**IMPORTANT:** make sure that you have the newest version of pandas (0.18 or higher) by running the following command (in the terminal):
* sudo pip3 install pandas --upgrade

# Pandas and Statsmodels
## Completing your data analysis workflow

We will use pandas and statsmodels today to show how the data analysis can be done completely in Python. 

Pandas is a package that allows us to work with datasets in a similar manner as in R (with dataframes) and, according to their own website, has the objective of becoming **the most powerful and flexible open source data analysis / manipulation tool available in any language**. 

It's up to you to decide whether that is (already) true or not, but this tutorial will demonstrate some of its capabilities. We also use statsmodels to do some of the statistical analysis, in a workflow integrated with Pandas.

## Importing the packages (or installing them, if needed)
First we import the pandas (usually imported as "pd"), and statsmodels/numpy. We also use matplotlib for some visualizations.

In [None]:
import pandas as pd
import matplotlib.pyplot as plt
import statsmodels as sm
import numpy as np

### Troubleshooting notes 

If you don't have these packages already, use pip3 to install them (using the terminal):
* sudo pip3 install numpy
* sudo pip3 install patsy
* sudo pip3 install pandas
* sudo pip3 install matplotlib
* sudo pip3 install statsmodels

If you get a gcc-error when installing any of the packages, run (in the terminal):
* sudo apt-get install python3-dev



In [None]:
%matplotlib inline

# Loading (or creating) data for Pandas

One of the key advantages of Pandas is how flexible it is in terms of types of data or files that it can load, and that it can save into. But first, we can also simply create the data from scratch.

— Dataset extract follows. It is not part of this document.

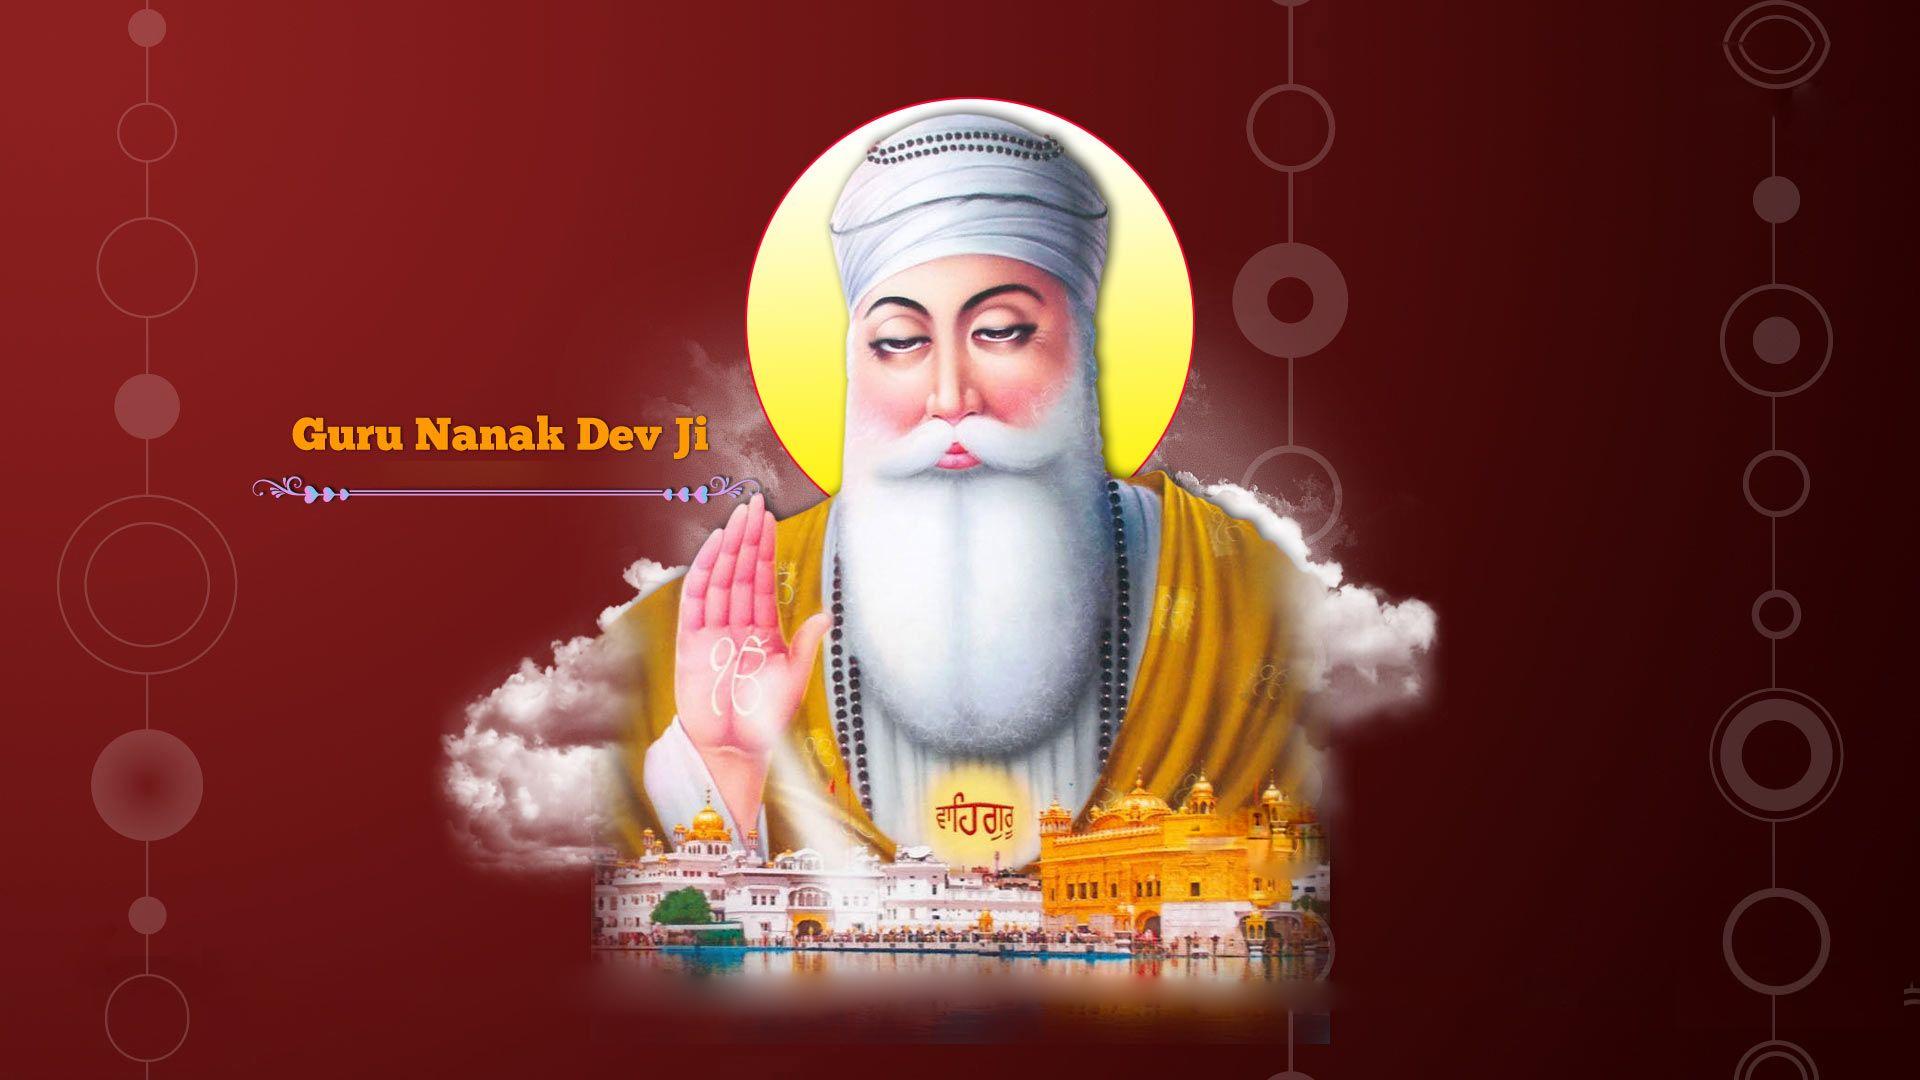 Guru Nanak 4d Images Free Download

For example, we can create a dataframe from lists.

In [None]:
names = ['John', 'Mary', 'Stefan', 'Cristina']
ages = [18, 20, 33, 19]

In [None]:
names_and_ages = list(zip(names, ages))

In [None]:
df = pd.DataFrame(data = names_and_ages, columns = ['name', 'age'])

In this case, the dataframe that we created was called df. We could have used any other name - although in several tutorial and in stackexchange, usually people call a generic dataframe given as example as df.

To see how the dataframe looks like, we can simply call it again (like any Python element).

In [None]:
df

We can also use a list of dictionaries to create a dataframe. The advantage here is that Pandas automatically recognizes the keys in the dictionaries as being the column names. This can be especially handy when working with JSON, and data acquired via APIs.

In [None]:
people = [
    {'name': 'John', 'age' : 20 , 'profession' : 'student', 'salary' : 10000},
    {'name': 'Mary', 'age' : 33 , 'profession' : 'journalist', 'salary' : 50000},
    {'name': 'Stefan', 'age' : 40, 'profession' : 'researcher', 'monthly_salary': 1500 },
    {'name': 'Cristina', 'age' : 18, 'profession' : 'webmaster', 'salary' : 25000},
    {'name': 'Joost', 'age' :22 , 'profession' : 'data scientist', 'salary' : 70000},
    {'name': 'Sandra', 'age' : 34, 'profession' : 'journalist', 'salary' : 55000},
    {'name': 'Marina', 'age' : 50, 'profession' : 'researcher', 'salary' : 45000 },
    
    
]

In [None]:
df = pd.DataFrame(people)

In [None]:
df

Note how Stefan has a NaN in the salary column, and everybody else has a NaN in the monthly_salary column. The dictionary above only had Stefan with the key "monthly_salary", while everybody else had only "salary". Pandas treated everything that it could not find as missing data (NaN, which stands for "Not a Number").

# Loading data into pandas

Pandas has several ways to load (or create) dataframes. You can read files (e.g., read_csv, read_excel, read_json), or even connect to databases. Likewise, you can save data in all these formats. For our tutorial, we will use a dataset of tweets collected from company accounts across several countries. 

The dataset is actually much larger than this (6M tweets and counting), but here we will use a random sample of 10K tweets.

In [None]:
tweets = pd.read_csv('brand_tweets_bdaca.csv')

One of the easiest ways to see what the dataset contains is to simply call the dataframe

In [None]:
tweets

The unnamed column does not seem to be that useful, so we can drop it. As a note, axis=1 means that we are dropping a column

In [None]:
tweets = tweets.drop(['Unnamed: 0'], axis=1)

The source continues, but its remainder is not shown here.